Metadata-Version: 2.1
Name: ml_tooling
Version: 0.1.2
Summary: UNKNOWN
Home-page: https://github.com/andersbogsnes/ml_utils
Author: Anders Bogsnes
Author-email: abanbn@almbrand.dk
License: MIT
Description: # Model Utility library for Alm Brand
        [![Build Status](https://travis-ci.org/andersbogsnes/ml_utils.svg?branch=master)](https://travis-ci.org/andersbogsnes/ml_utils)
        [![Coverage Status](https://coveralls.io/repos/github/andersbogsnes/ml_utils/badge.svg?branch=master)](https://coveralls.io/github/andersbogsnes/ml_utils?branch=master)
        
        # Installation
        Use pip to install
        `pip install git+https://git@github.com/andersbogsnes/ml_utils.git`
        
        # Contents
        * Transformers
            - A library of transformers for use with Scikit-learn pipelines
        * Model base classes
            - Production baseclasses for subclassing - guarantees interface for use in API
                
        ## BaseClassModel
        A base Class for defining your model. 
        Your subclass must define two methods:
         
        - `get_prediction_data()`
         
            Function that, given an input, fetches corresponding features. Used for predicting an unseen observation
         
        - `get_training_data()`
            
            Function that retrieves all training data. Used for training and evaluating the model
        
        
        ### Example usage
        Define a class using BaseClassModel and implement the two required methods.
        Here we simply implement a linear regression on the Boston dataset using sklearn.datasets
        ```python
        from ml_utils import BaseClassModel
        from sklearn.datasets import load_boston
        from sklearn.linear_model import LinearRegression, Ridge, LassoLars
        
        # Define a new class
        
        class BostonModel(BaseClassModel):
            def get_prediction_data(self, idx):
                x, _ = load_boston(return_X_y=True)
                return x[idx] # Return given observation
                
            def get_training_data(self):
                return load_boston(return_X_y=True)
            
        # Use our new class to implement a given model - any sklearn compatible estimator
        linear_boston = BostonModel(LinearRegression())
        
        results = linear_boston.score_model()
        
        # Visualize results
        results.plot.residuals()
        results.plot.prediction_error()
        
        # Save our model
        linear_boston.save_model('.')
        
        # Recreate model
        BostonModel.load_model('./LinearRegression')
        
        # Train Different models and get the best performing
        models_to_try = [LinearRegression(), Ridge(), LassoLars()]
        
        # best_model will be BostonModel instantiated with the highest scoring model. all_results is a list of all results 
        best_model, alL_results = BostonModel.test_models(models_to_try, metric='neg_mean_squared_error')
        print(alL_results)
        
        ```
        
        The BaseClass implements a number of useful methods
        
        #### `save_model()`
        Saves the model as a binary file
           
        #### `load_model()` 
        Instantiates the class with a joblib pickled model
           
        #### `score_model()`
        Loads all training data and trains the model on it, using a train_test split.

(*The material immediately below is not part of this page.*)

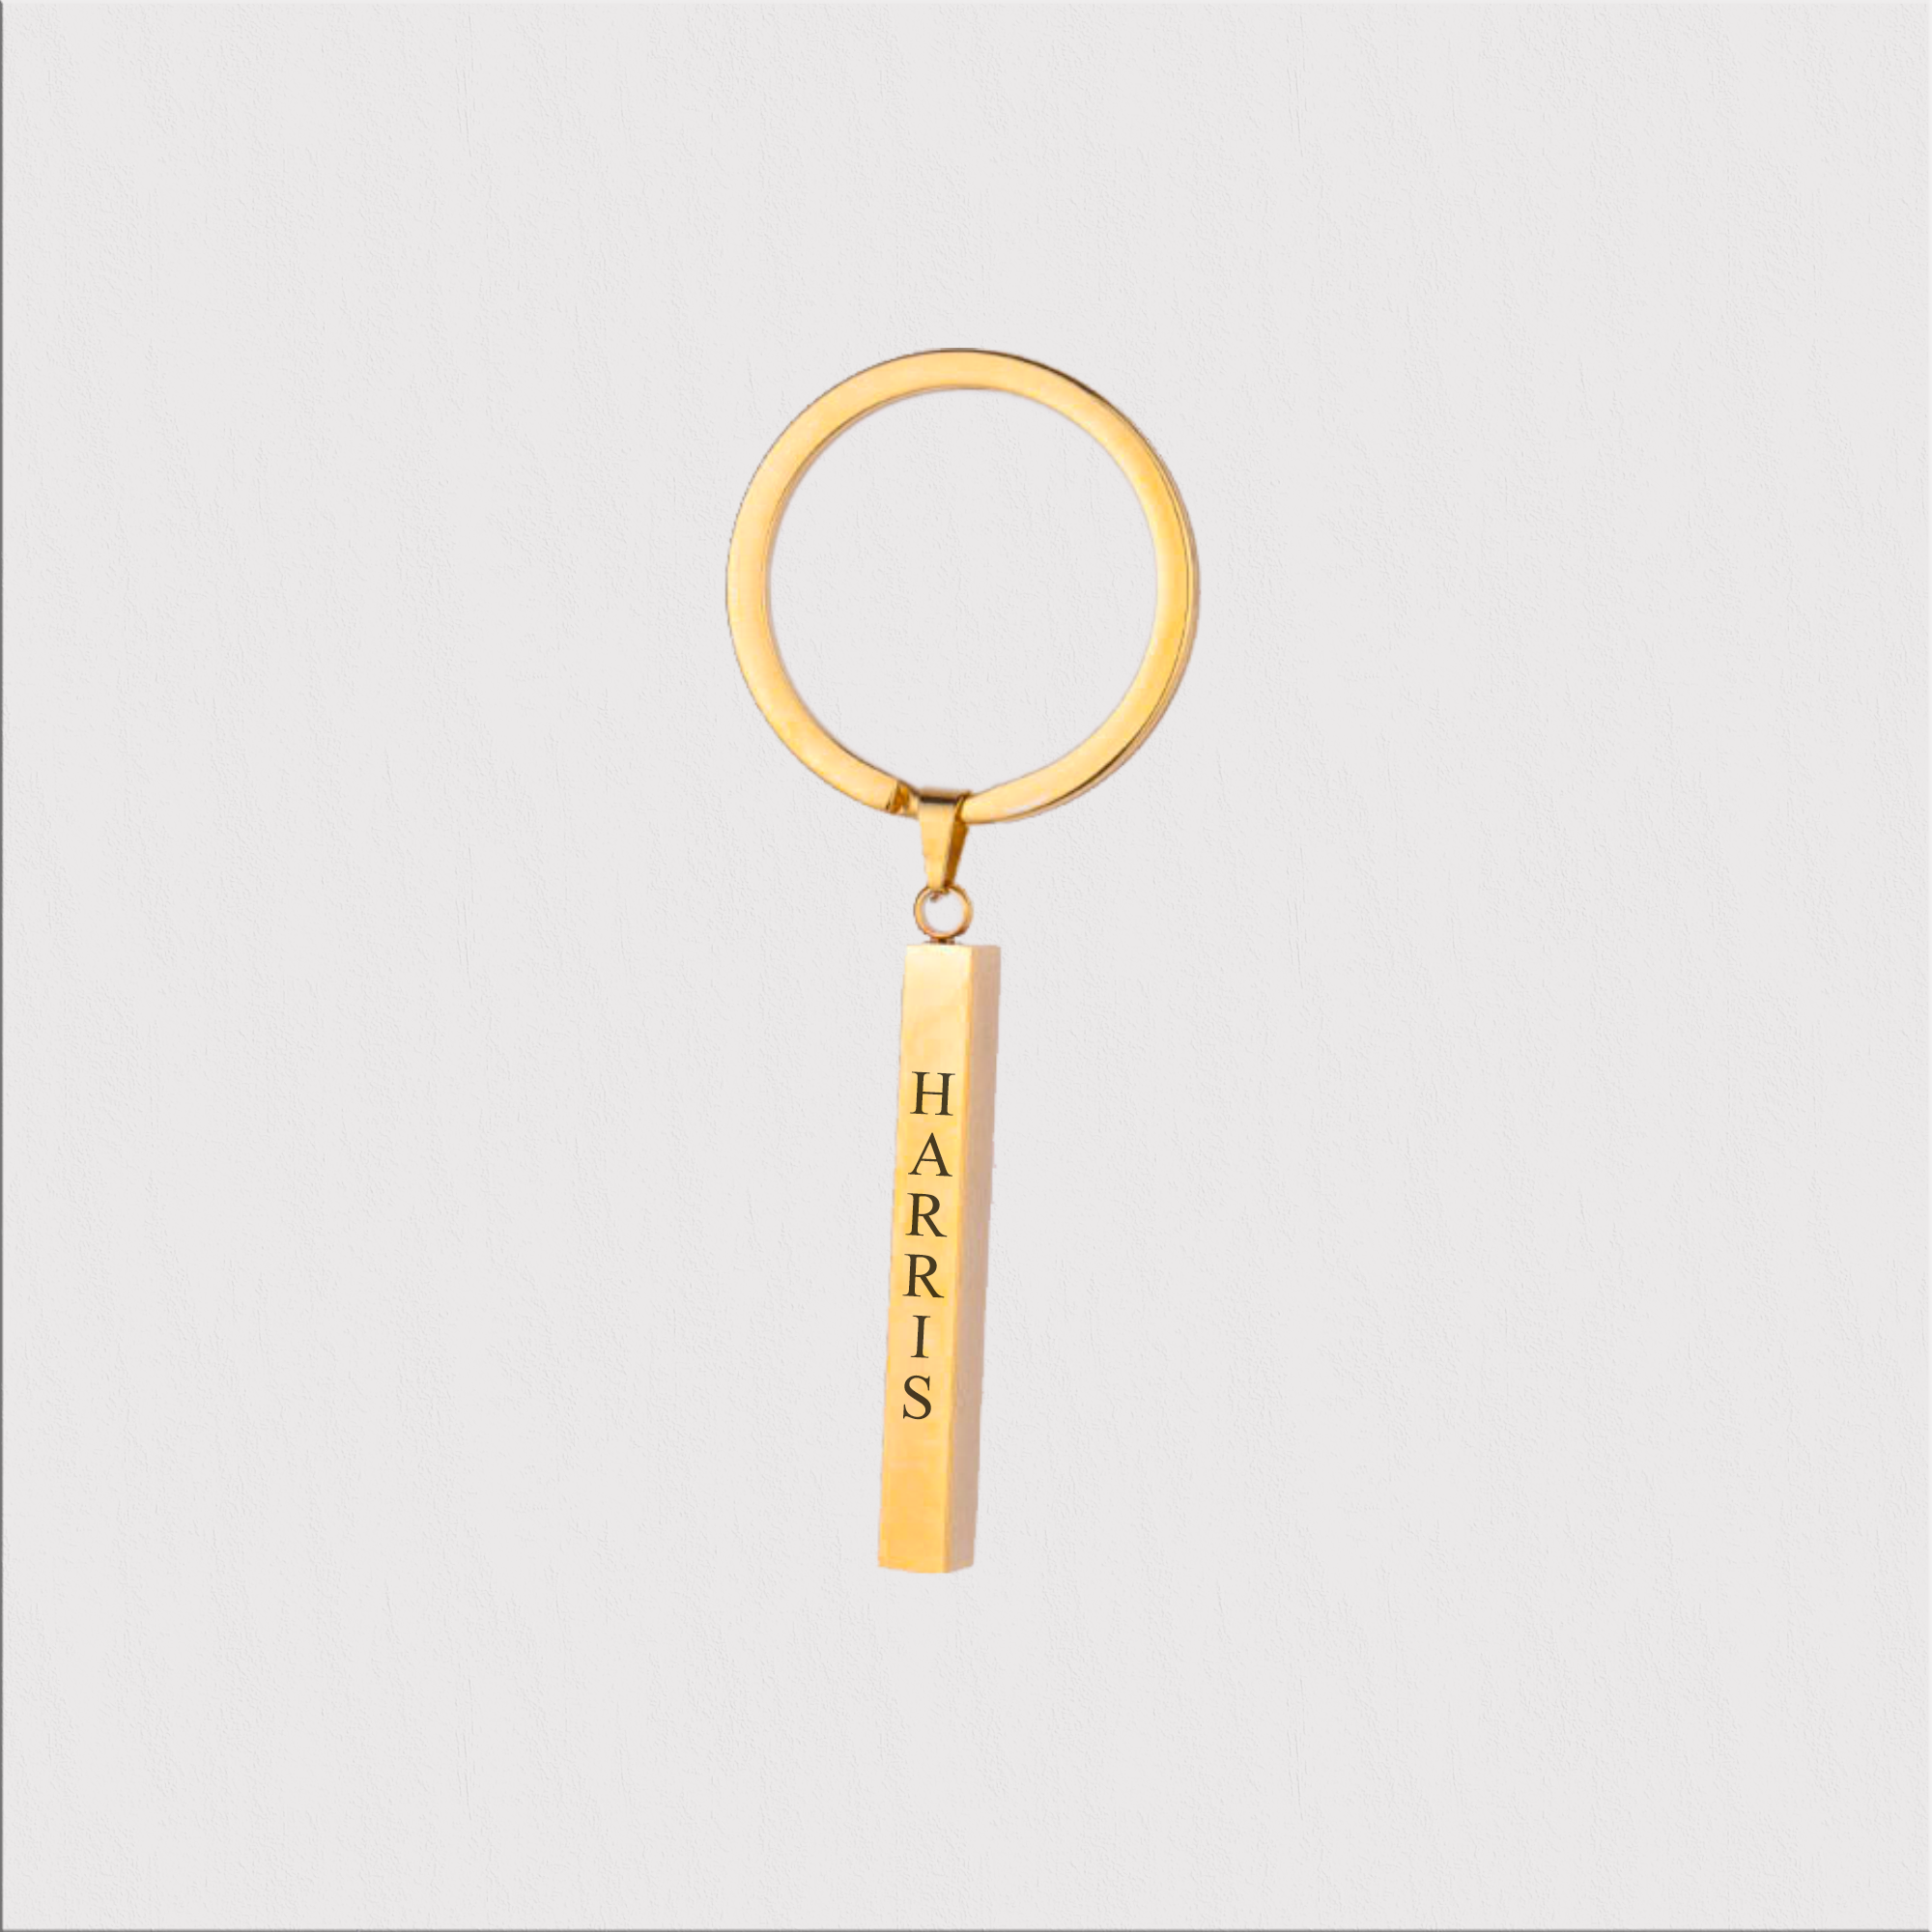 Custom Engraved 3D Bar drive safe keychain

        Returns a Result object containing all result parameters
        
        #### `train_model()`
        Loads all training data and trains the model on all data. 

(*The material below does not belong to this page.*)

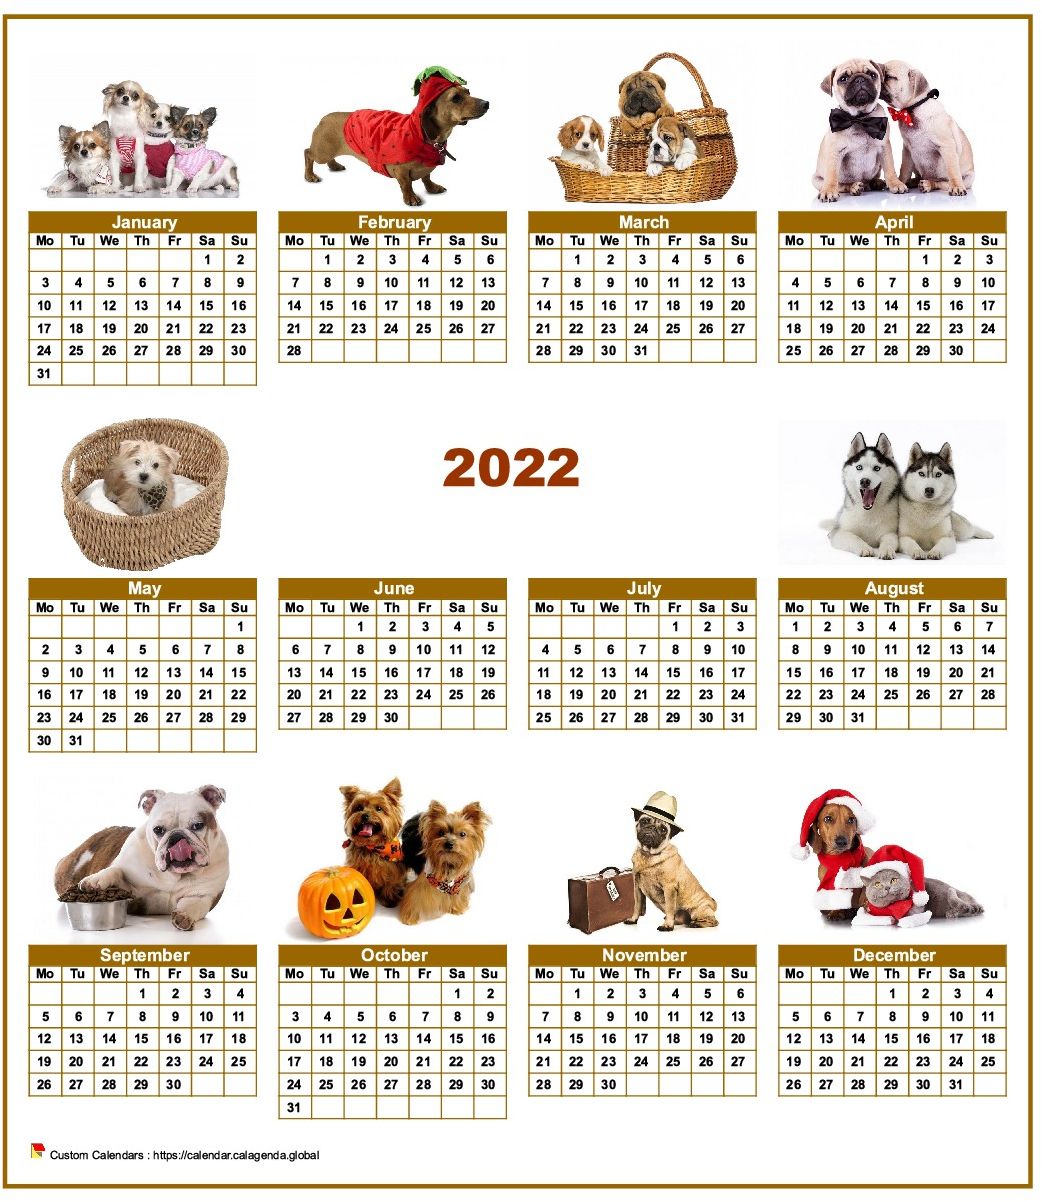 Calendar 2022 annual special 'dogs ' with 10 photos

        Typically used as the last step when model tuning is complete
        
        #### `set_config({'CONFIG_KEY': 'VALUE'})`
        Set configuration options - existing configuration options can be seen using the `.config` property
           
        #### `make_prediction(*args)`
        Makes a prediction given an input. For example a customer number. 
        Passed to the implemented `get_prediction_data()` method and calls `.predict()` on the estimator
           
        
        #### `test_models([model1, model2], metric='accuracy')`
        Runs `score_model()` on each model, saving the result.
        Returns the best model as well as a list of all results
        
        ## Visualizing results
        When a model is trained, it returns a Result object. 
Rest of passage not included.